Dhuraivel Gunasekaran For investors with moderate to high risk appetite, the initial public offering of Metropolis Healthcare, one of the leading diagnostics companies in India, is a good long-term play. While the asking price of the issue is not cheap and may cap the near-term upside in the stock, the company’s strong presence, comprehensive product suite of clinical laboratory tests and profiles, focus on asset-light third-party model for expanding its geographical reach, and large potential for growth in the Indian diagnostics industry — are key long-term drivers of growth.

The company’s healthy track record of revenue and earnings growth also lends comfort to its valuation. Between FY16 and FY18, the consolidated revenue of the company grew ₹644 crore from ₹476 crore, representing a CAGR of 16 per cent, while net profit grew to ₹110 crore from ₹82 crore during the period, implying a 17 per cent CAGR. The company also enjoys healthy operating profit margin — 26-28 per cent in the last three years.

Metropolis’ strong earnings profile is also a positive. The company’s return-on-equity (ROE) stood at 24.7 per cent in FY18 and 18.3 per cent (not annualised) in the nine months ended December 2018; its listed peers Dr Lal PathLabs and Thyrocare Technologies enjoy 24.6 and 21.9 per cent ROE, respectively. Metropolis’ debt-free balance sheet and healthy cash flows provide scope for inorganic expansions.

The current IPO is an offer-for-sale that seeks to raise ₹1,200-1,204 crore. At the upper end of the price band (₹877-880), the stock would trade at 42.7 times its FY18 per share earnings and 38.4 times its annualised earnings for the nine-month ended FY19. Dr. Lal PathLabs currently trades at 45.2 times its FY18 earnings, while Thyrocare trades at 30 times.

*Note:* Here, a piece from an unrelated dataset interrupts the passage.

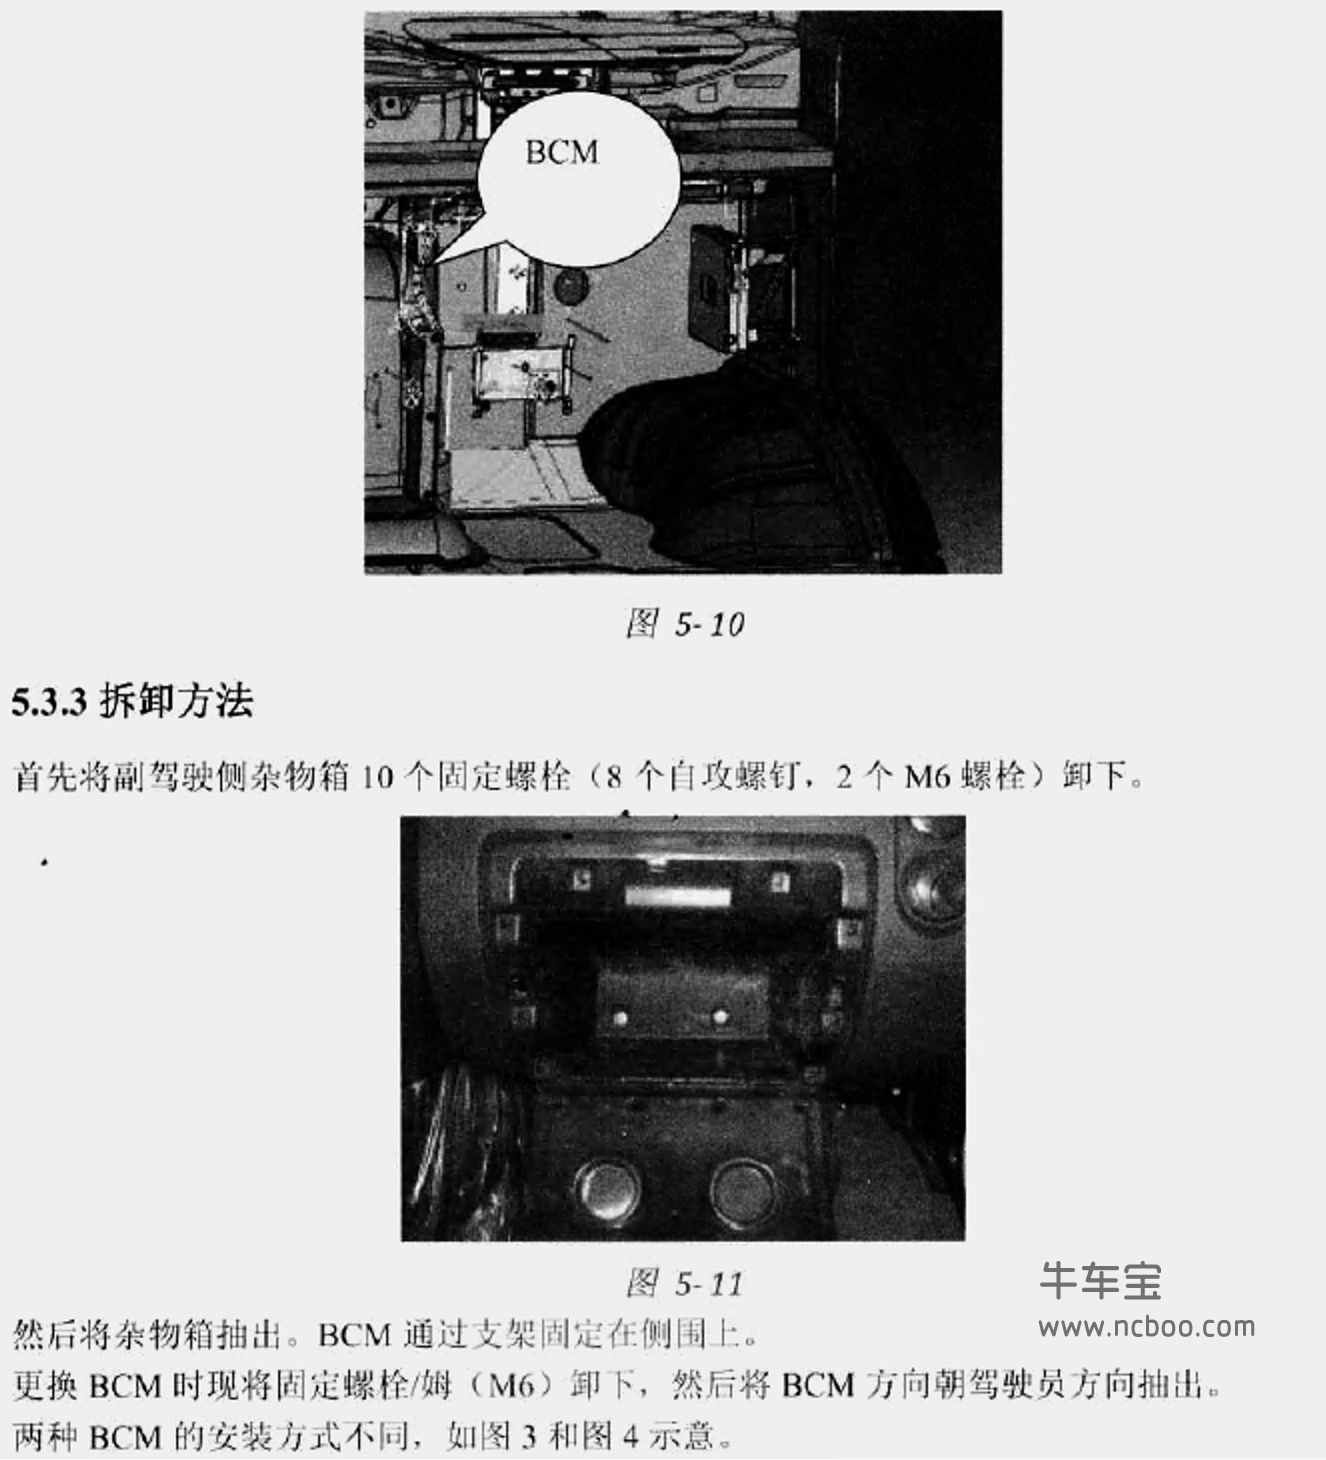 2010-2011款南京依维柯Power Daily原厂维修手册(含电路图)下载

Given Metropolis’ somewhat pricey valuation, investors should temper their expectations on listing gains. Also, the company operates in an industry that is highly competitive and fragmented. Pricing pressure and risks from change in government policies, if any, are other factors that investors need to watch out for.

Good prospects

Metropolis has presence across 19 States in India with leadership position in the west and south. It offers around 3,487 clinical laboratory tests and 530 profiles, for prediction, early detection, diagnostic screening, confirmation and monitoring of disease.

The business, though highly competitive, has immense potential in India for organised players such as Metropolis in the long run.

During the nine-month period ended December 31, 2018, Metropolis conducted around 12.3 million tests (from about 6.6 million patient visits).

Its strong brand equity and ability to offer comprehensive and critical diagnostic tests have led to better realisation per tests. Between FY16 and FY18, the revenue per patient has grown by 10 per cent CAGR to ₹836 from ₹698. The revenue per test also showed a decent growth to ₹455 from ₹355 — a 7 per cent CAGR during this period. Metropolis has expanded its operations across India significantly in the last three years by increasing its network to 197 cities in FY18 from 76 cities in FY16.

Economies of scale

According to Frost & Sullivan, the overall growth in the Indian diagnostics market is expected to be led by eight major cities which have the highest GDP (on purchasing power parity basis) in India. Metropolis has a significant presence in five of these cities (63 per cent of revenues as of FY18), namely Mumbai, Chennai, Surat, Pune and Bengaluru. Similar to other diagnostic chains, Metropolis has implemented the ‘hub and spoke’ model, which provides greater economies of scale and enhances consistency of the testing procedures.

The company has implemented an asset-light model for growing its service network. In order to cater to individual patients, the company has expanded its third-party network (patient service centres — PSCs) to 1,375 from 117 over the last three years. Metropolis plans to use the third-party PSC model for expanding its geographical reach, which will help it achieve its target of drawing 60 per cent of its revenues from individual patients (currently at 48 per cent).

The company has a strong track record of acquiring established local chains and successfully integrating these businesses to grow its portfolio and service network.